The passage of the electrolyte solution, entirely or partly, in one
direction constitutes a cycle of passage. The method of the
invention is characterized in that it can comprise a multiplicity
of cycles depending on the quantity of metal that is to be
deposited on the felt.
Advantageously, the felt element is a graphite felt element. A felt
of this type has the advantage of being a low-cost conductive
material that is easy to use.
The choice of graphite is particularly valuable for the
electrodeposition method. Indeed, carbon has the particular feature
of possessing the highest water stability field of all the
conductive materials (-1 to 1.5 V/SHE at pH=0). This particular
feature makes it possible to work with metal ions for which the
standard oxidation-reduction potential E.sup.0 is smaller than 0
V/SHE (volts relative to the standard hydrogen electrode). The
graphite felts that can be used to implement the method according
to the invention are preferably of the type commercially
distributed by the firm Le Carbone Lorraine, under the references
RVG 4000 or RVG 2000, or by the firm PICA.

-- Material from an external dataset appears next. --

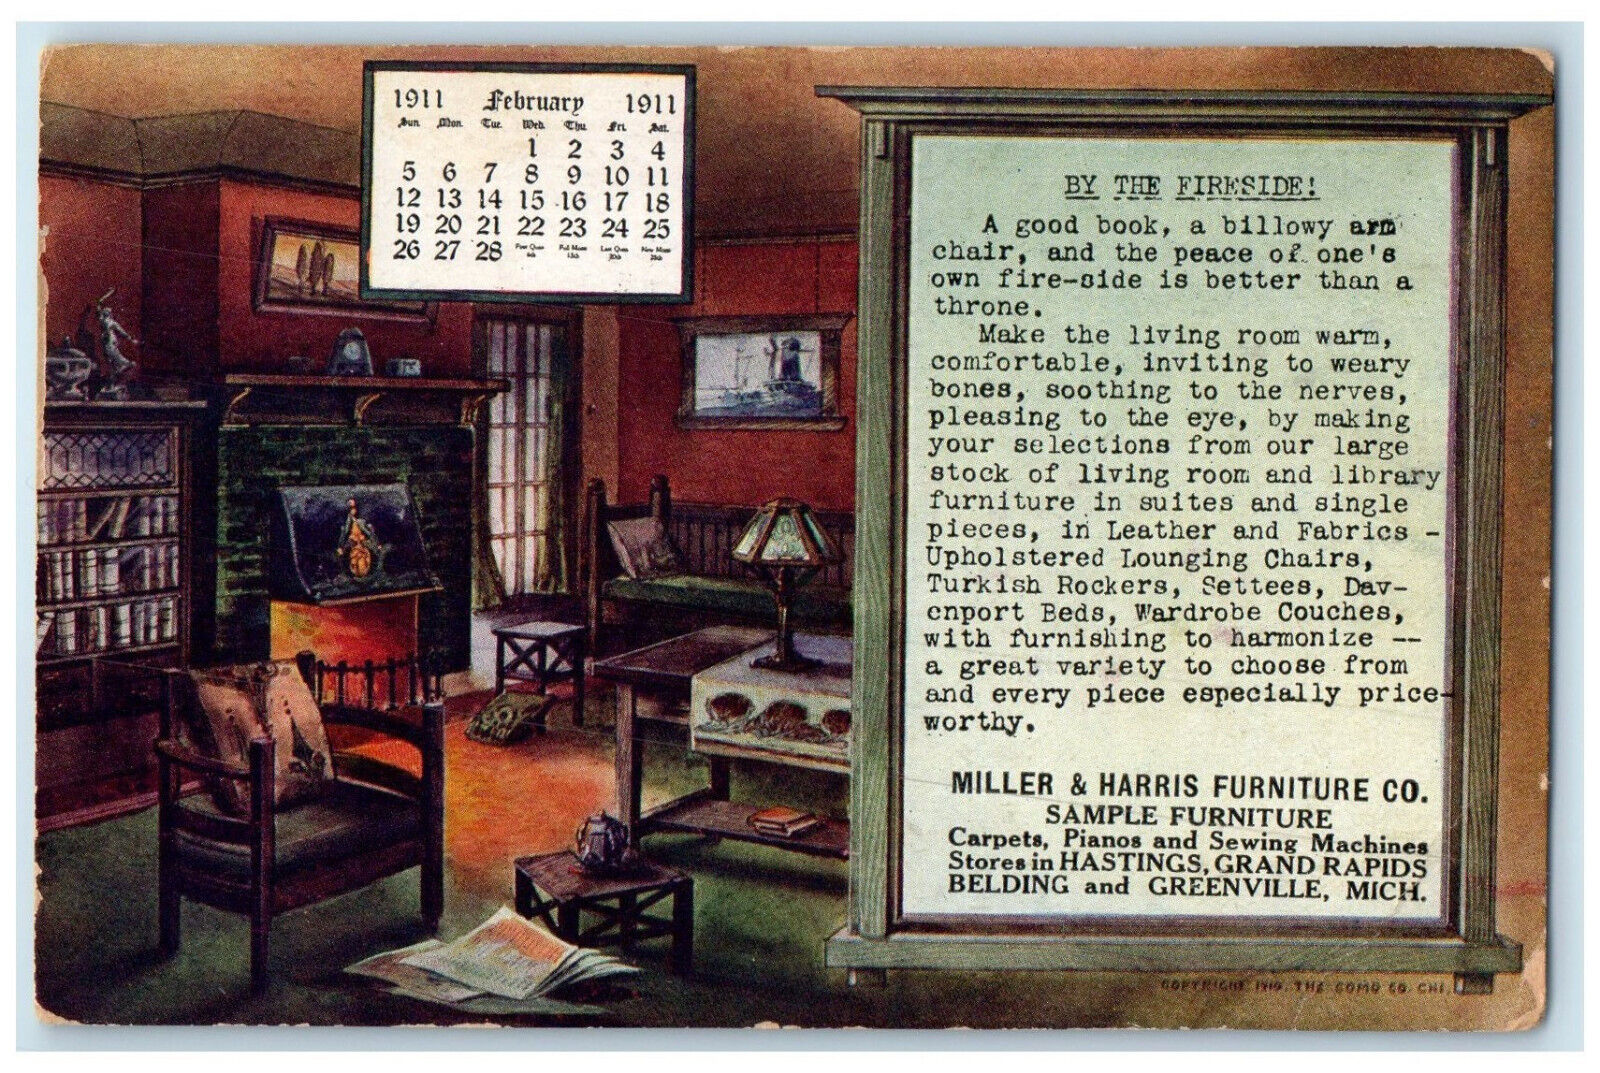 c1905 Miller & Harris Furniture Co. Greenville Michigan MI Calendar Postcard
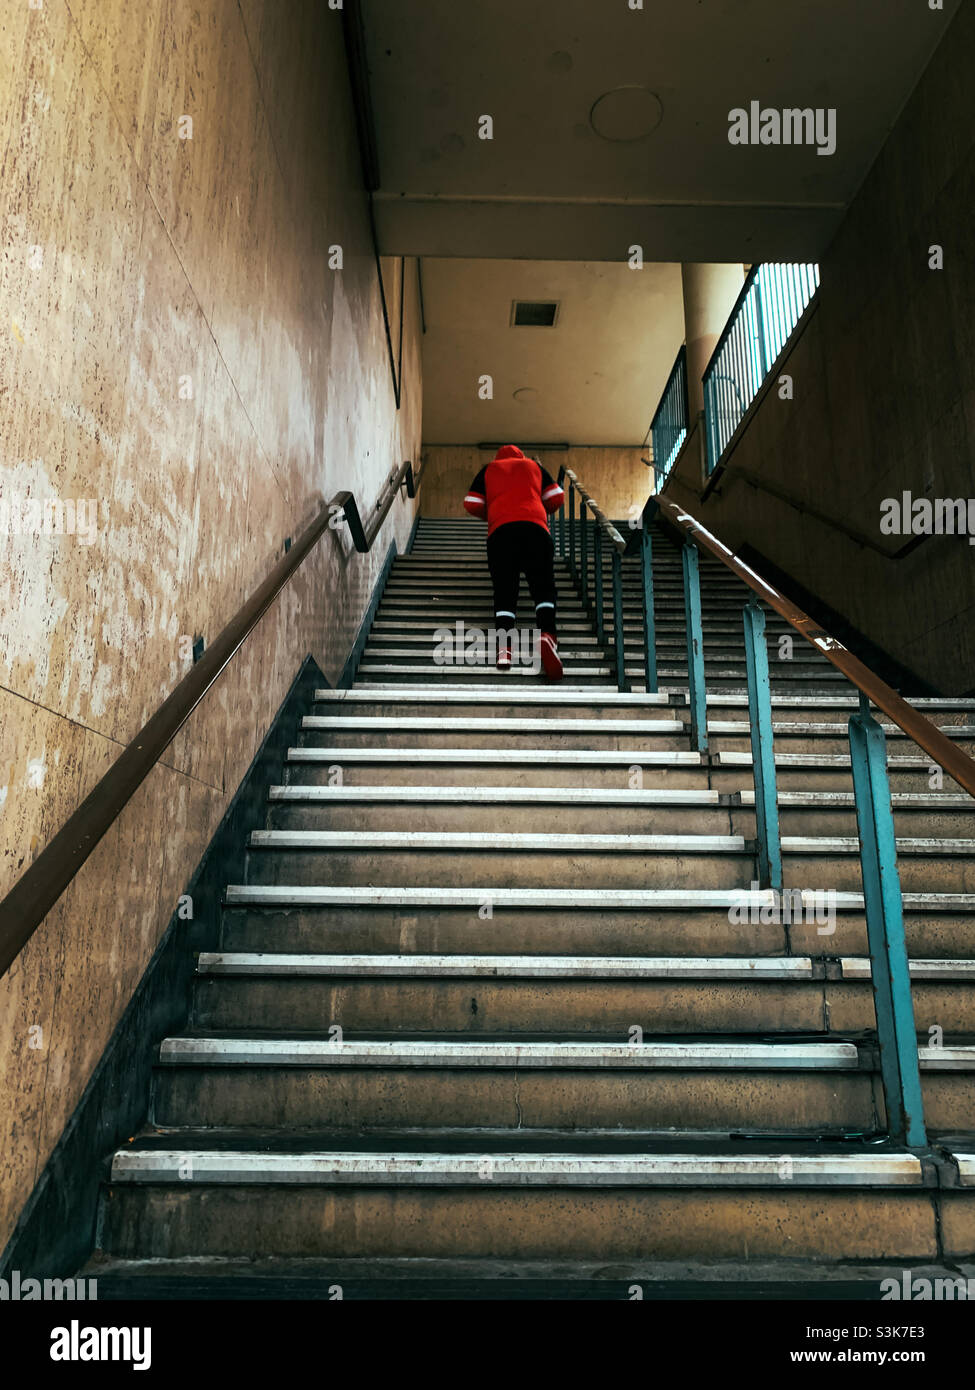 Homme portant un haut rouge marchant sur un ensemble d'escaliers Banque D'Images

As indicated here above, the method may include a preliminary step
of pre-metallization of the at least one felt element. This
pre-metallization can be done through the method of the
invention.
This preliminary step of metallization gives a metallized felt.
This metallized felt can again be subjected to the method of the
invention to be metallized by a different metal. Indeed, certain
metals show weak adhesion to the bare felt fibers. The deposition
on these fibers of certain metals is therefore impossible without
the preliminary deposition thereon of another metal. This is the
case for example with copper: a pre-metallization with nickel
proves to be necessary before the felt is subjected to a second
metallization by Cu.sup.2+ions.
The electrolyte solution preferably contains at least one
supporting electrolyte salt. The support electrolyte enables the
solution to be made more conductive. Advantageously, this
supporting electrolyte salt is sodium sulfate Na.sub.2SO.sub.4, in
a concentration of 5.10.sup.-2 mol/l. Sodium sulfate has the
advantage of being a salt that is both low-cost and perfectly inert
electrochemically whatever the pH of the reaction. This means that
it does not get oxidized, nor is it reduced at the electrodes.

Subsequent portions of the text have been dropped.